The lesson here is that the conservation colonial project is committed. They are relentless and well- endowed with resources. That is why for the last few years the office of director-general of KWS has been so thoroughly protected from being occupied by anyone who can intellectually participate in this discourse and fully understand the goings on in the sector.

The late historian Patrick Wolfe wrote in 2006 that settler colonialism is “the process in which the exogenous settlers displace Indigenous peoples for access to their lands and resources”. This is such an elegant definition of the conservation colonial project that he may as well have been writing about the miasma that is Kenya’s conservation sector. The most important part of Wolfe’s findings is that settler colonialism is a structure with ongoing effects rather than a single or past series of events. In this manner, the Wildlife Utilization Task Force Report is simply a proposed structure for conservation colonialism in Kenya.
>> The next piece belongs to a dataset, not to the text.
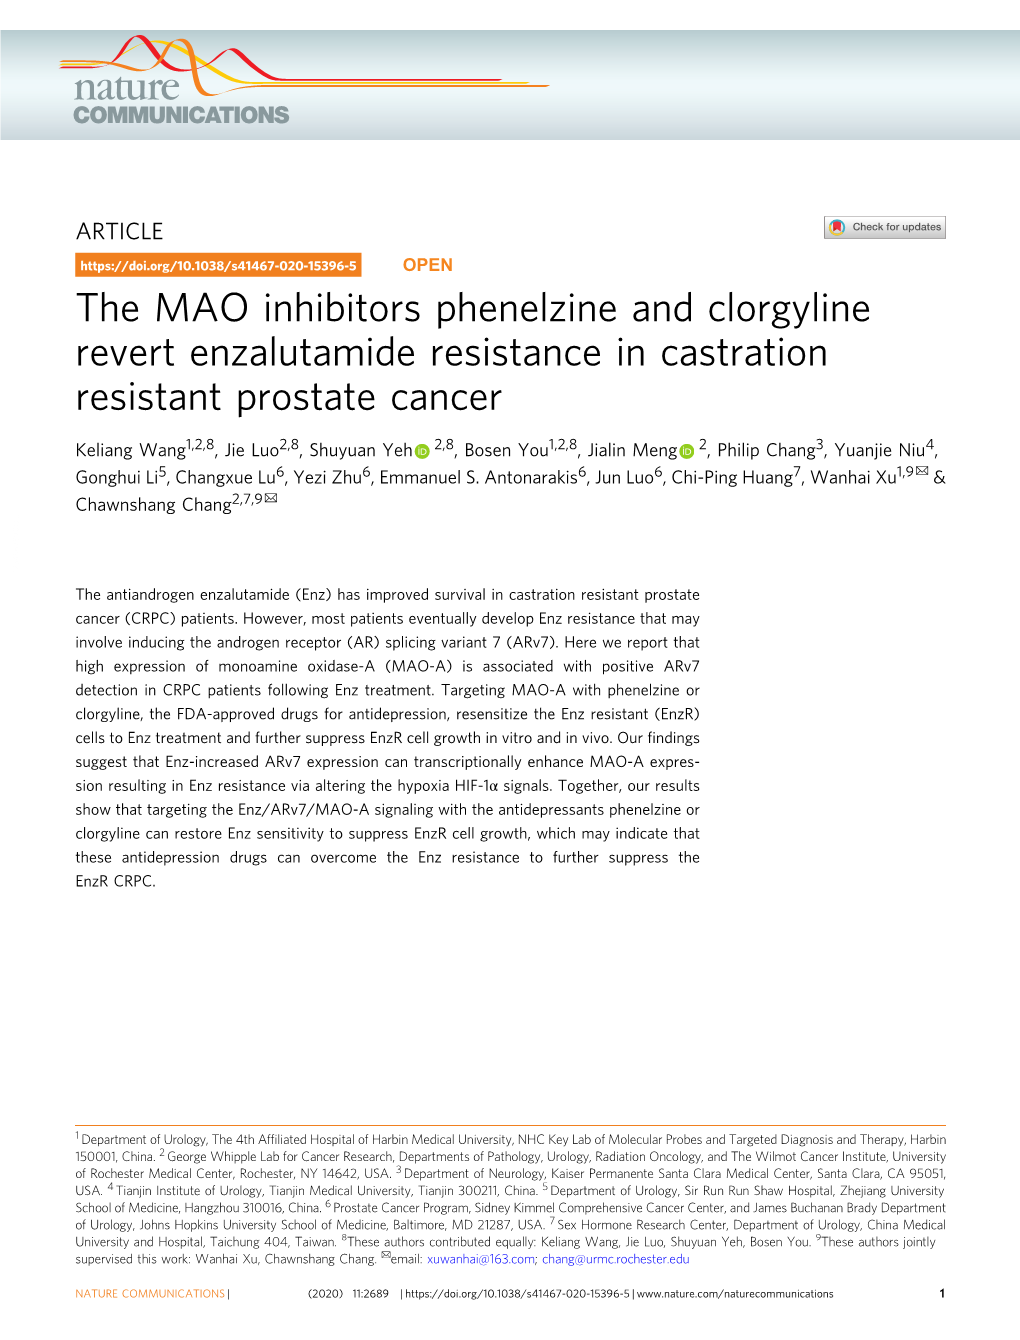 The MAO Inhibitors Phenelzine and Clorgyline Revert Enzalutamide Resistance in Castration Resistant Prostate Cancer

The members of Wildlife Utilization Task Force have attempted to facilitate the blatant colonization of our lands through wildlife management chicanery. Whether their respective roles were deliberate conspiracy, or unwitting, remains to be seen. However, we will never forget their names. We Kenyans deserve better and should never accept this shame they have visited upon us. Neither intellectual vacuity nor dishonesty are acceptable in the stewardship of our natural heritage. Whatever opprobrium accrues now and in the future to everyone involved in this is richly deserved.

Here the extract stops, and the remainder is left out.